After leaving Ferrari in 1969, Amon raced with several other F1 teams, with limited success. Many people may ask “how good was Chris Amon?” F1 watchers and racing commentators of the day all say he was very, very good. And he didn’t just show this in racing. As a tester and evaluator, he was one of the best. He was one of the first drivers who could give teams accurate feedback on how a car was performing. Once, in the lead-up to a Tasman Cup race, Amon pinpointed a problem in a car’s straight-line speed, and the cause was traced back to the airbox. Other anecdotes abound of Amon’s ability to know when a rear wing had been altered marginally or when downforce oriented body parts were not fully efficient. He was also a master at tyre testing, able to detect the slightest difference between different compounds and grip levels.


Amon quit racing in 1976 and returned to his family’s New Zealand farm. But this expertise in handling and evaluation was well known in the industry and in the 1983, Toyota New Zealand employed Amon as their chief evaluator, responsible for setting up Toyota suspension systems for the local market.

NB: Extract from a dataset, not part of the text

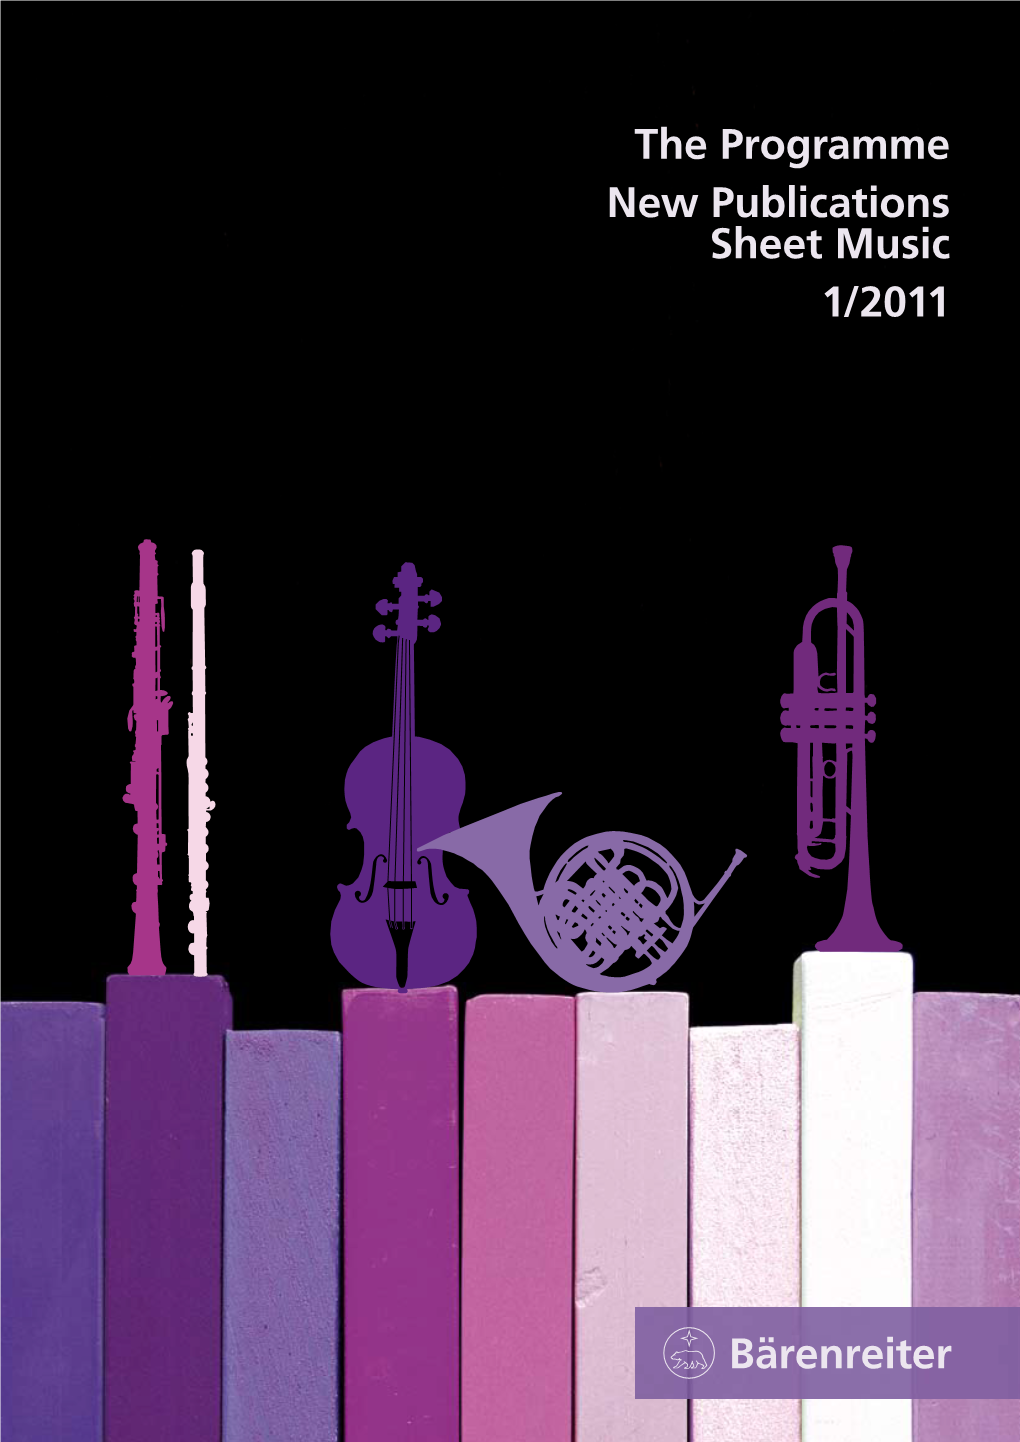 The Programme New Publications Sheet Music 1/2011 Bärenreiter

As a Toyota handling and evaluation expert, he says he would love to see Toyota fighting for the lead, “but that’s still a little while off I think. They will get there, no doubt.” He is impressed that Honda has found pace and is doing so well this year.

But after 20 years working for Toyota, Amon says that he is just about ready to hang up his driving gloves. “I’ve had a pretty busy life you know.”


Today, Chris lives near Lake Taupo in New Zealand with his wife Tish. At age 61, he says he wants to slow down and enjoy life. But for such a doer, could that be possible? He admits that he enjoyed driving a Camry in last year’s Targa New Zealand rally, his first race since retiring from F1 in 1976.  “With ex-F1 commentator Murray Walker as my navigator, I had a ball.”

Today, Amon says he has no regrets. He raced

alongside some of the greatest F1 drivers of all time. And he raced for Ferrari, a time he will not soon forget.